Federal authorities are debating whether health insurance companies can charge e-cigarette users more under the Affordable Care Act, as they are allowed to do for smokers of traditional cigarettes, The Wall Street Journal reports.
Under the Affordable Care Act, smokers can be charged a higher premium than nonsmokers. Smokers who obtain their insurance through an individual plan will not benefit from a provision in the law that allows smokers in small group plans to avoid the higher premiums if they participate in a smoking cessation program.
The law specifies that new individual and small group health plans can charge up to 50 percent higher premiums for smokers starting in 2014, but does not explain whether that group includes e-cigarette users. Small group plans, which include companies that employ up to 100 people, can implement the increase only if they also offer a wellness program that helps people quit smoking. The same protection is not available to people obtaining insurance through individual plans.
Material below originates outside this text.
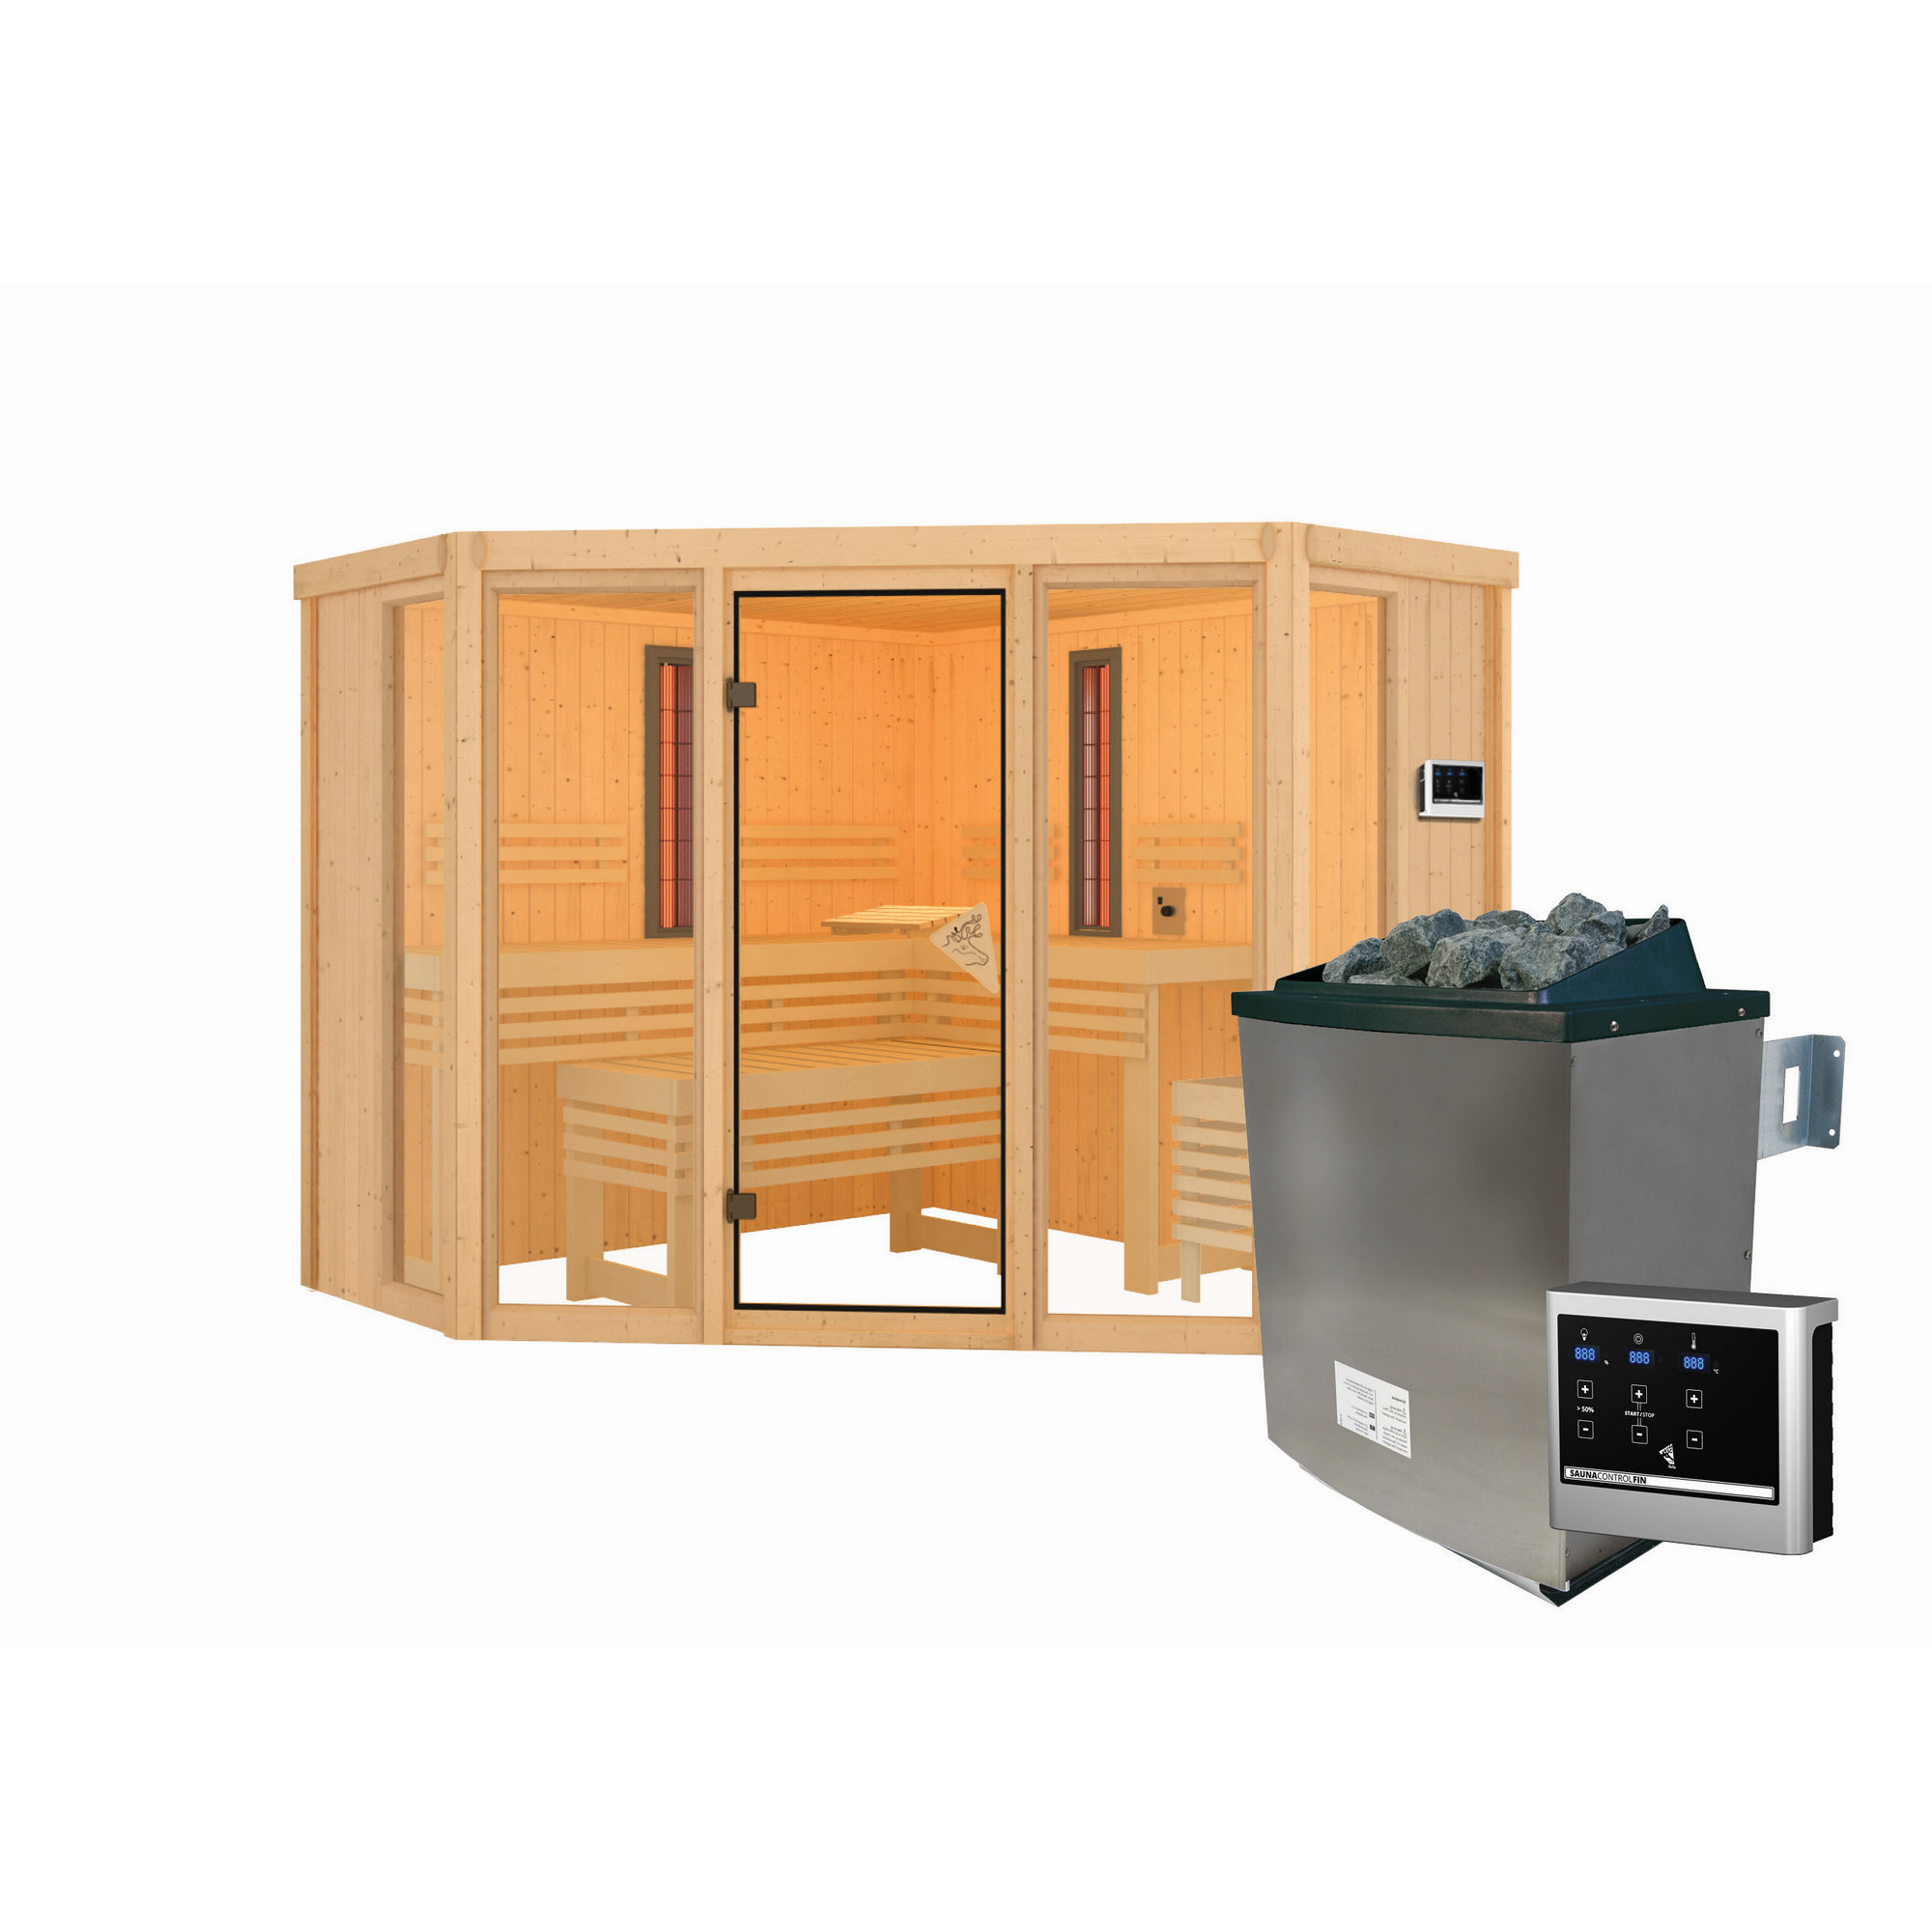 Infrarotkabine 'Aya' naturbelassen mit bronzierter Tür 9 kW Ofen externe Steuerung 231 x 231 x 198 cm + product picture

A spokesman for the Centers for Medicare and Medicaid Services said the agency is evaluating how issuers may treat people who use e-cigarettes. No timetable has been announced for the review, the article notes.
Some employers, including Walmart, charge employees who use e-cigarettes more, because of concerns over potential health risks. Both the tobacco industry and some health advocacy groups oppose an insurance surcharge on e-cigarette users.
David Howard, a spokesman for R.J. Reynolds Vapor Co., told the newspaper, “We don’t believe policies should be implemented that might deter current smokers from considering switching to smoke-free alternative products like e-cigarettes.”
An estimated three million people in the United States use e-cigarettes.